И придумали. Его долго рвало в вагоне при взгляде на серебряную фольгу, полную крови его возлюбленной, зажаренной в дорогу, чтобы они еще какое-то время были вместе. И самое удивительное — бабушка действительно думала, что делает для него лучше…
— Ты хочешь остаться здесь на год? — спросила мать. — Мадам Дора очень хорошо относится к тебе. Я не уверена, но, может быть, тебе здесь нравится?
Он хотел ответить согласием сразу, но боялся обидеть родителей и молчал, опустив глаза.
— Спроси у своего отца, — сказала мать. — Как он относится к тому, что ты поживешь здесь год? Потом во всем будет винить меня!
И тогда он понял, что опять зашевелилась эта гадюка Гордыня и все продолжится и будет продолжаться всю жизнь.
В эту минуту силы покинули его, он обмяк, как тряпка.
— Ты будешь часто приезжать сюда, папа, у тебя командировки, и маму брать с собой, мадам Дора добрая.

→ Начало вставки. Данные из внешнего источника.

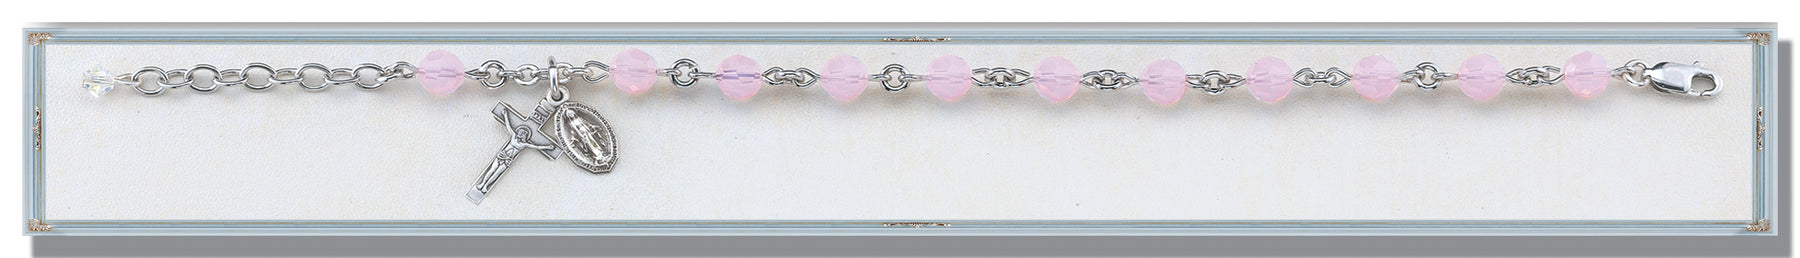 Rose Opal Round Faceted Swarovski Crystal Bracelet

Так он решил. Так ответил.
В первую же ночь своей вынужденной эмиграции, после того как под восторги мадам Доры для него выбрали в гостинице комнату, из которой решено было сделать детскую, после того как официант поцеловал его в щеку, как младшего брата, а муж мадам Доры взглянул недоуменно, попытался он, сидя на подоконнике и глядя на огромные в темноте французской ночи камни, вспомнить хоть что-нибудь из того, что оставил. И вспомнил, что опыт эмиграции у него уже был. Родители были молоды и, воспользовавшись его неведением и полным доверием к ним, отдали на пятидневку в огромный серый дом, выходящий окнами на шумный и неприятный проспект.
Проспект измучил его автомобильными гудками, из которых слух целый день пытался выловить звук их собственной машины.

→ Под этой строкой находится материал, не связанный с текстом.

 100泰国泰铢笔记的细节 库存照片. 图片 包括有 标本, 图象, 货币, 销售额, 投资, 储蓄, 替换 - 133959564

Но в первую же субботу они явились за ним без машины, хотя и торопились куда-то, они были молоды и любили друг друга, им было некогда, кого-то уговорили посидеть с ним целый день, а чтобы не терять времени на детскую любознательную ходьбу, его засунули в авоську и так почти бегом несли к дому, как кота.

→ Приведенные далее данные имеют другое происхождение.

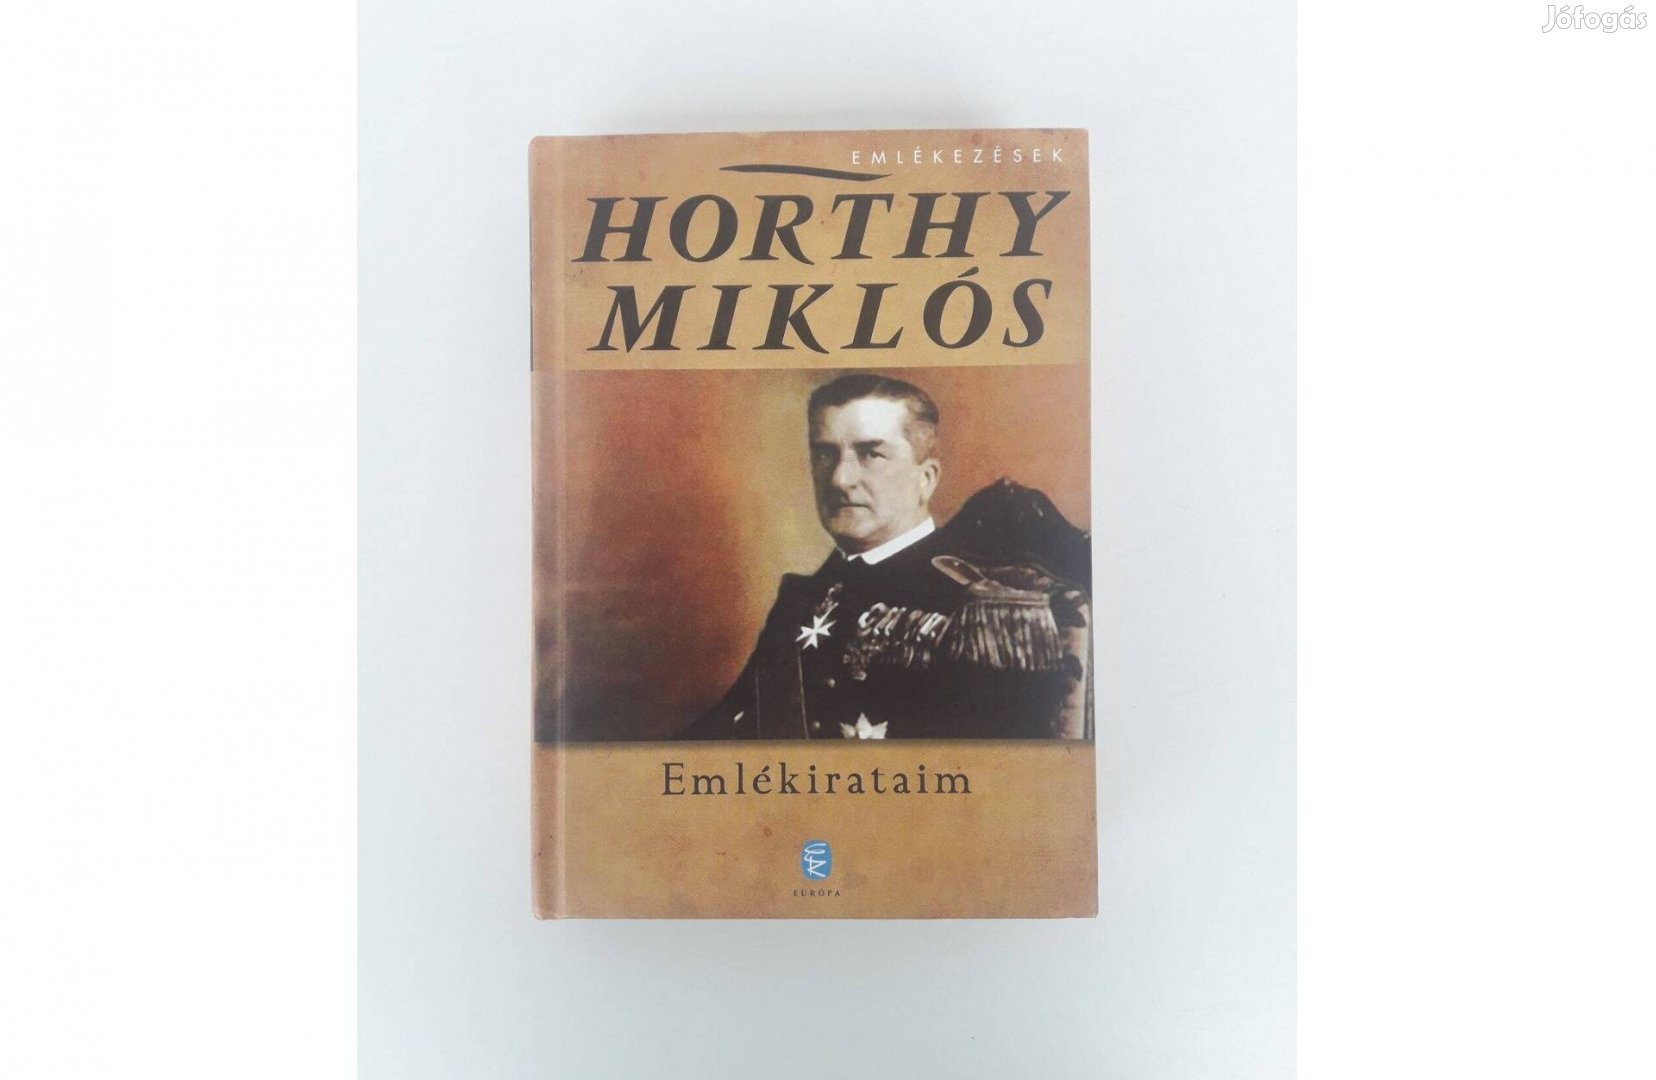 Horthy Miklós: Emlékirataim könyv szép állapotban eladó

Было весело, хотя сразу же на пятидневке его обнесло непонятного происхождения сыпью, и теперь из авоськи торчала выкрашенная зеленкой физиономия.
Родители убегали, возвращались, убегали, мать прихорашивалась у большого овального зеркала в прихожей, отец любил наблюдать за ней.
Они были красивы, как первые люди на Земле, они были лучше всех, и он старался не мешать им всегда, с первой минуты, когда его принесли домой, перепеленали, легли спать и он, вскоре проснувшись в легкой золотистой жиже до самой шеи, и не пытался пикнуть, нарушить их сон.
Так он вел себя и позже, всегда.
Они говорили, что особенно любят его за то, что не помешал им быть молодыми.
Он вспомнил своих друзей, собственно, не друзей, а мальчиков, с кем играл на улице. Он был самым маленьким и позволял обращаться с собой, как с предметом. Однажды они положили на него лист фанеры и легли сверху всем скопом. А он лежал под фанерой, под ними и смеялся, хотя никому не был слышен его смех.
А потом из дома выбежал отец, и главному зачинщику не повезло.
Отец сильно толкнул его кулаком в грудь и, уволакивая сына за собой, упрекал, что тот знается черт знает с кем, неразборчив и вообще позволяет над собой издеваться.
Мальчик плакал. Зачем отец ударил его товарища? Кто дал ему право?
— Почему они всегда выбирают жертвой тебя, именно тебя?
— Может быть, потому, что я толстый и подо мной тяжело лежать? — ответил мальчик,
— Я поступил гнусно, — сказал отец.
Больше мальчик ничего вспомнить не мог, да и не хотел, теперь у него было все — синяя ваза с мелким шоколадным печеньем, высокий бокал из-под мороженого, съеденного перед сном, мозаичная карта Франции, собранная новым братом из маленьких цветных квадратиков.
Будущее не пугало его.
Мамины письма получала мадам Дора. Письма были предусмотрительно переведены кем-то на французский, но, так как он не знал пока французского, а мадам Дора русского, знаками объясняла она, что дома все в порядке, родители очень скучают, однако считают его решение остаться с мадам Дорой правильным.
Это было так странно и умилительно, что все происходящее в их семье тоже показалось ему просто дурным переводом.
И только позже, когда стало ясно, что придется здесь, во Франции, пойти в четвертый класс, где учить его конечно же будут по-французски, пришло письмо по-русски. Мама писала ему, не задумываясь, как взрослому.